But with that said, it wouldn’t be impossible to make a proper Fallout narrative based entirely around postmortem stories. Very difficult, but not impossible. Fragile Dreams: Farewell Ruins of the Moon, another post-apocalyptic RPG which I like to call Studio Ghibli Fallout, uses after-the-fact storytelling for at least half of its overall narrative, and what’s more, that’s the method that best conveys the part of FDFRotM that’s about the quiet loss of a world ended and the extraordinary palette of humanity that world contained within its every inhabitant. As powerfully emotional and beautiful as FDFRotM can get with its main story, I would contend that its best narrative feature is its postmortem stories! If Bethesda had put the proper focus on saying something about our country and ourselves, if they had put their absolute best effort into appropriately tying that message to this empty wasteland through a thoughtful, well-crafted narrative of recorded messages, it could have worked.
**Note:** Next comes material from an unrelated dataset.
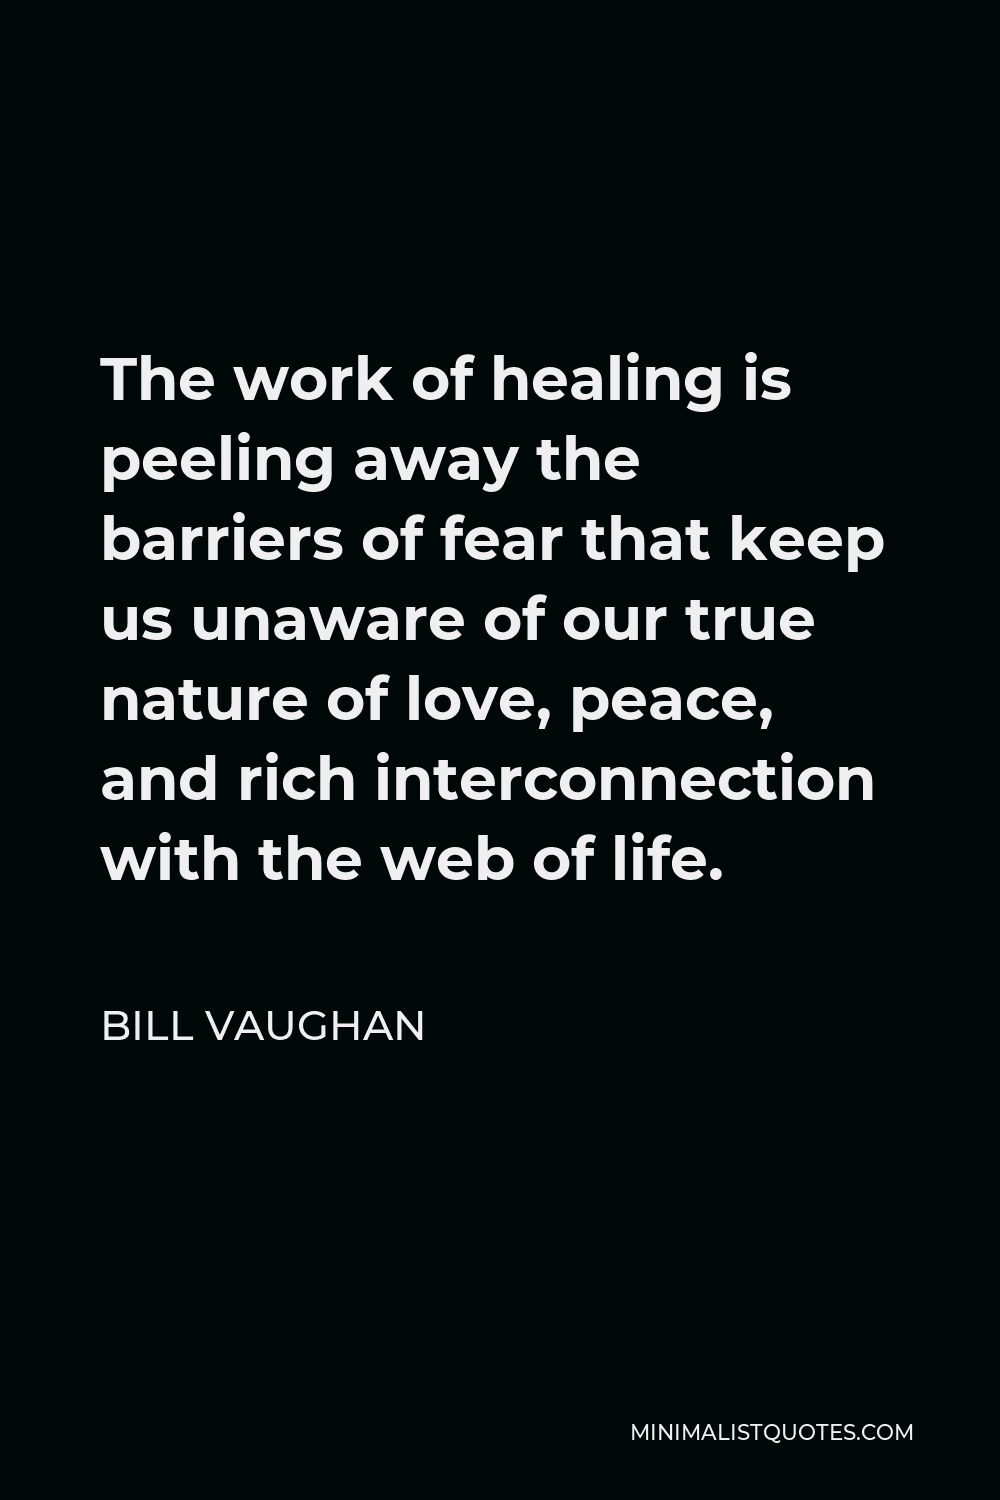 Bill Vaughan Quote - The work of healing is peeling away the barriers of fear that keep us unaware of our true nature of love, peace, and rich interconnection with the web of life.

But they didn’t. The narrative of Fallout 76 is an afterthought. They didn’t have the slightest intention to use its landmarks and tepid flirtations with West Virginia culture toward any greater purpose. It’s clear, looking at this game, that from the beginning of the game’s development, the highest level of thought they put into these ties to WV was the equivalent of a bored tourist pointing briefly at a landmark and saying, “Oh, look at that,” checking the place off a little travel list, and then going back to doing something else.

And I knew it would be this way, from the moment they said Fallout 76 was going to be an online-only adventure, because the level of narrative control you need to make a story with deeper content like the standard for Fallout isn’t something you can achieve when you first have to accommodate and put a focus on all the gameplay angles that perpetual communal online play creates.

So that’s how Fallout 76 is a failure on the level of being a Fallout game. But it’s more than that. It’s also a failure on the level of being a Fallout game, too.

No, that’s not a typo. I mean that on a more detail-oriented, technical level, it still fails to be a Fallout. What I’ve said so far has argued that it’s a game trying to play a role whose script it hasn’t bothered to read. But at the same time, it’s not even wearing the right clothes for that role!

Fallout 76 is a failure as a Fallout because it can’t be bothered to don the trappings of Fallout’s lore correctly. Now, look, I recognize the fact that the history and details of the Fallout universe have been changed before, and while that’s really annoying, I’ve generally forgiven Bethesda for it. The reason for this is that previously, Bethesda’s mistakes with the Fallout series’s lore have never been too terribly damaging. I mean, while they’ve bent a few of the bigger details, the biggest outright breaking the company’s done that I’ve seen has been the whole thing with Jet--Fallout 2 clearly stated that Myron, a character in the game, creates Jet, yet Bethesda’s later Fallouts contradict this by saying that Jet is a pre-war drug. It’s possible to rationalize this retcon well enough as Myron simply taking credit for knowledge of a drug that didn’t make it to the western USA before the world’s end (it certainly fits the little slimeball’s personality well enough), but it’s a definite screw-up on Bethesda’s part. Still, even considering the large role Jet plays in Fallout 2 and its recognizable nature as a Fallout item, we’re not talking about a huge, monumentally important piece of lore, here, so I’ve never held such a thing too strongly against Bethesda. After all, Obsidian made a few lore screw-ups themselves in Fallout: New Vegas (such as forgetting who actually created the Mr. Handy, which is arguably a more significant entity of Fallout lore than Jet). And hell, nothing Bethesda did in Fallout 3 or 4 was anywhere near the level of boneheaded, pointless, anti-lore stupidity that Fallout’s own creators pulled in Fallout 2, when they decided to retcon super mutants’ sterility--a lynchpin to the plot of Fallout 1 and the downfall of its antagonist The Master--for the sake of having 1 character make a joke after banging a hooker.** Bethesda never retconned anything so terribly as that.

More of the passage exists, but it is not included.